Problem.
Every line of the data below is to be duplicated exactly, pictures excepted.

Data.
§ §
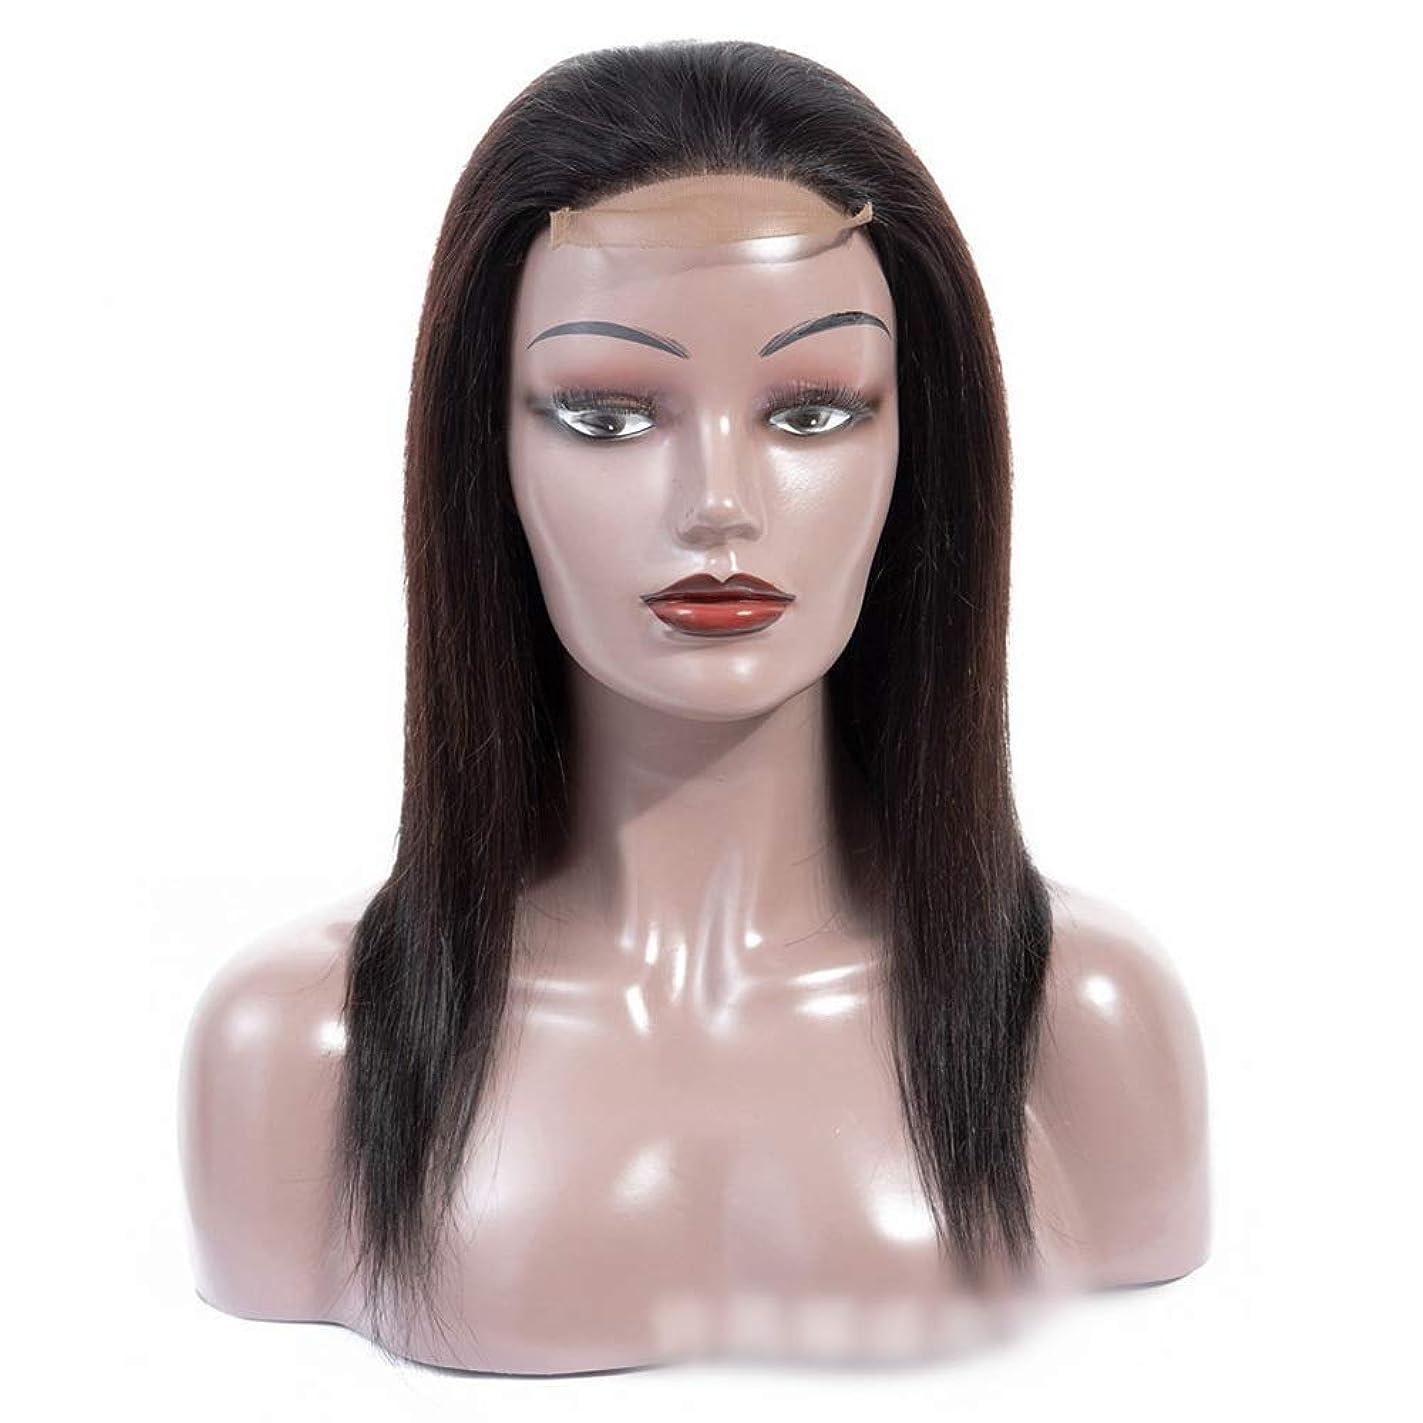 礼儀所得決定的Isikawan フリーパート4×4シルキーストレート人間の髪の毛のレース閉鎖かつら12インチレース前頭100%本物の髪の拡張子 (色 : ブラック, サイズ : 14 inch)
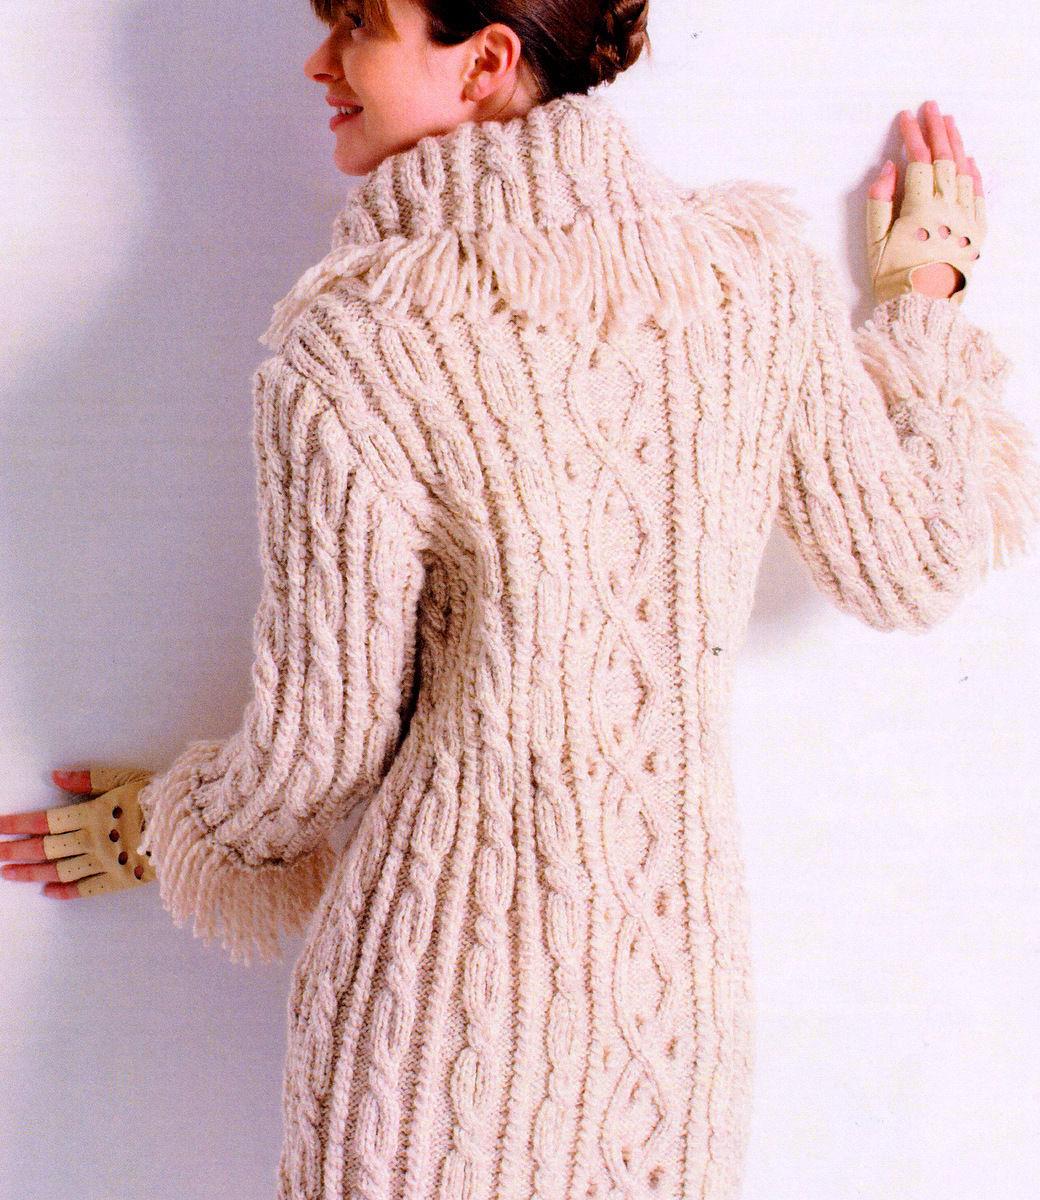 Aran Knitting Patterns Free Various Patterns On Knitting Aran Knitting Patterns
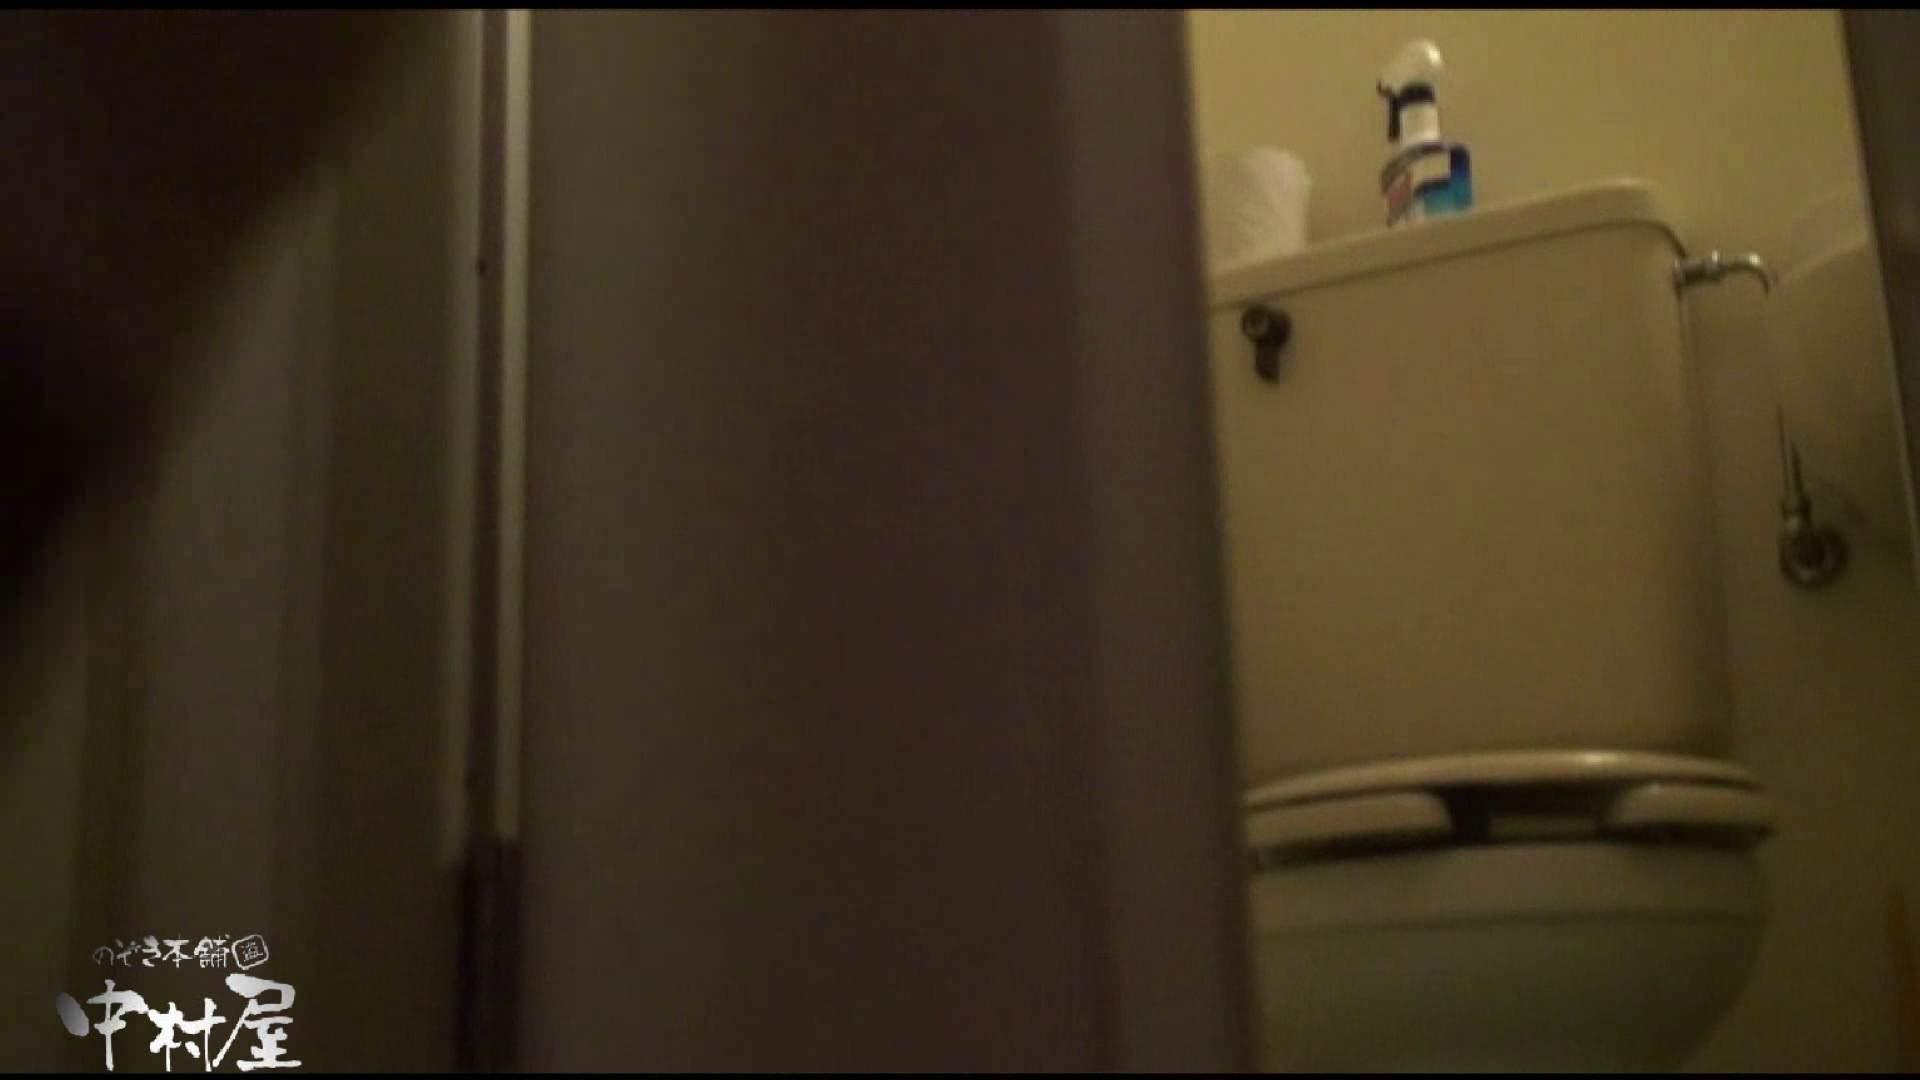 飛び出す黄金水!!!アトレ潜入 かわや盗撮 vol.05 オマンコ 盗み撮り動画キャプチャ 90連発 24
§ §
Task result.
 礼儀所得決定的Isikawan フリーパート4×4シルキーストレート人間の髪の毛のレース閉鎖かつら12インチレース前頭100%本物の髪の拡張子 (色 : ブラック, サイズ : 14 inch)
 Aran Knitting Patterns Free Various Patterns On Knitting Aran Knitting Patterns
 飛び出す黄金水!!!アトレ潜入 かわや盗撮 vol.05 オマンコ 盗み撮り動画キャプチャ 90連発 24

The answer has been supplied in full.